[[ Given records open ]]

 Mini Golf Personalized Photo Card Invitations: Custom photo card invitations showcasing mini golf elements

[[ Given records closed ]]
[[ Given records open ]]

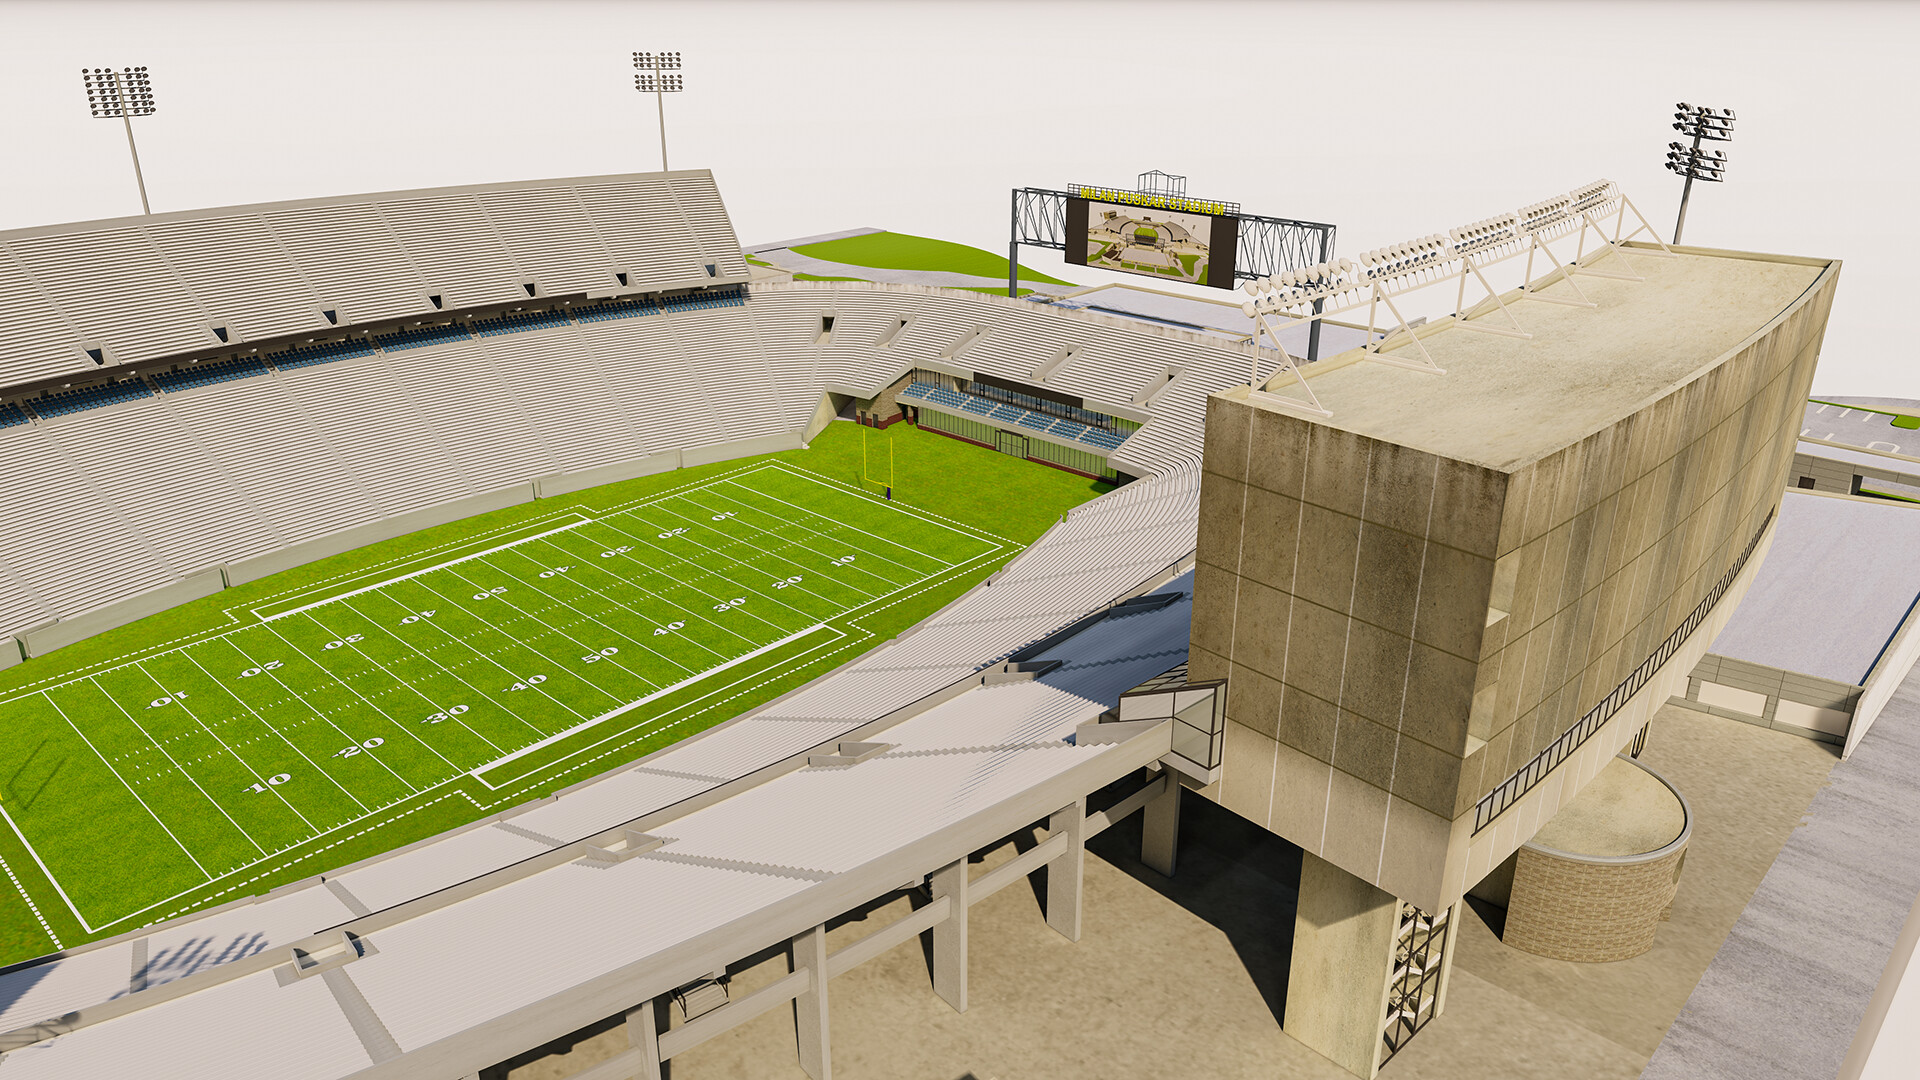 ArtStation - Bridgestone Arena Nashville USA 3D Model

[[ Given records closed ]]
[[ Given records open ]]

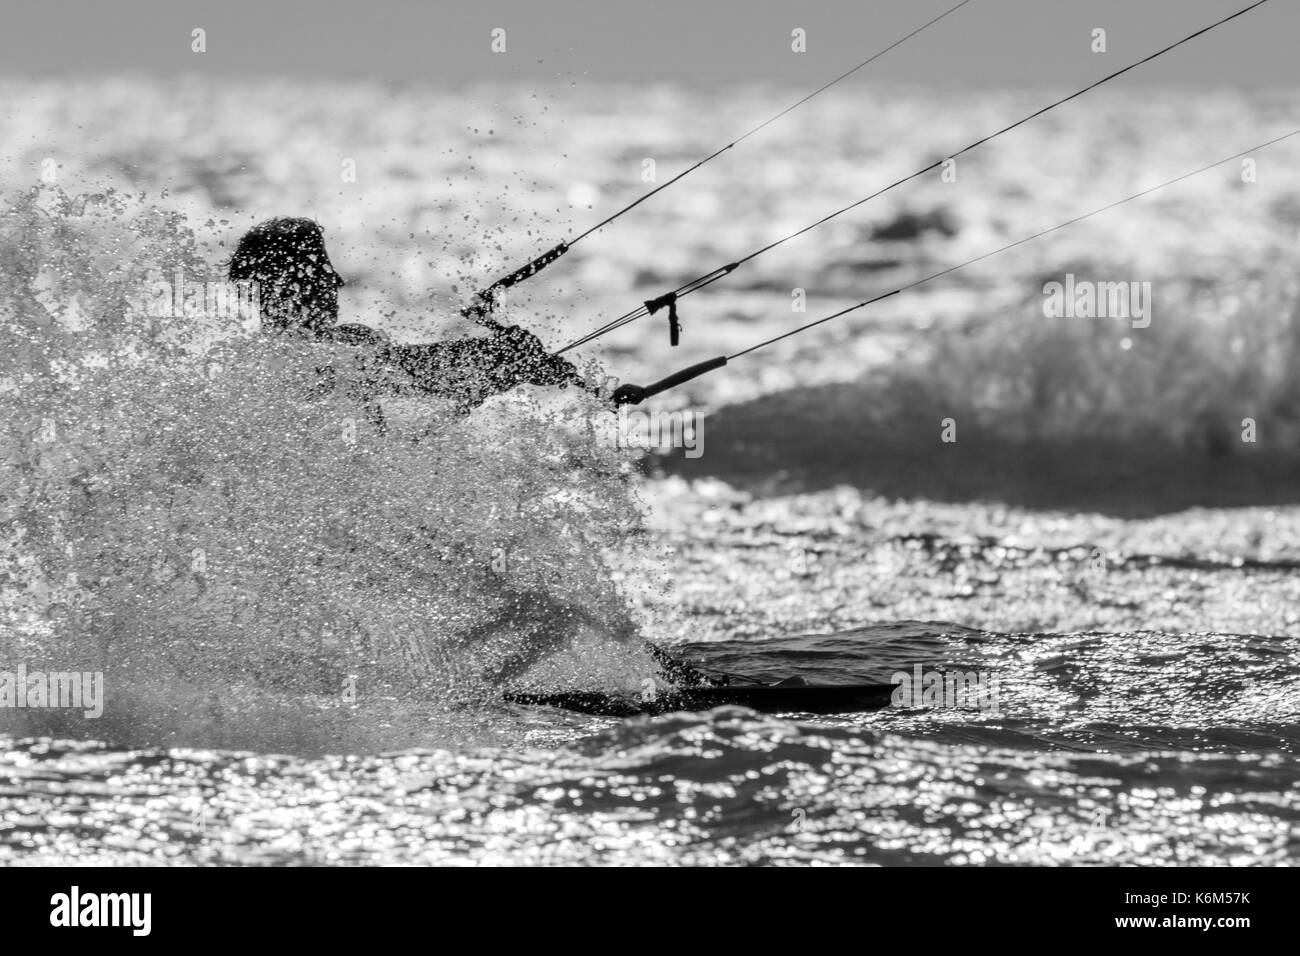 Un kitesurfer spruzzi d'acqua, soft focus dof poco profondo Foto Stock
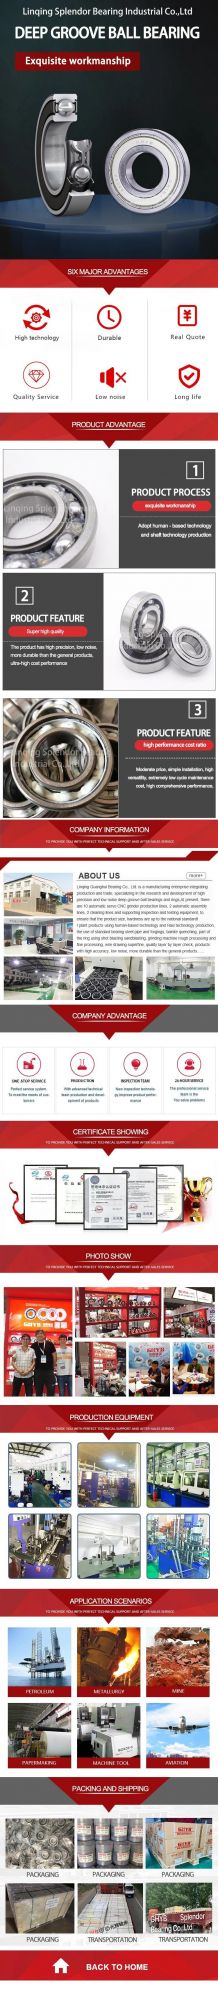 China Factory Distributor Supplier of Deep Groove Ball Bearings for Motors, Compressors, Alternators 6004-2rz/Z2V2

[[ Given records closed ]]

[Work to complete]
From the records above, extract the lines from the one holding "Un kitesurfer spruzzi" through the one holding "China Factory Distributor", word for word; omit the pictures.

[Task result]
 Un kitesurfer spruzzi d'acqua, soft focus dof poco profondo Foto Stock
 China Factory Distributor Supplier of Deep Groove Ball Bearings for Motors, Compressors, Alternators 6004-2rz/Z2V2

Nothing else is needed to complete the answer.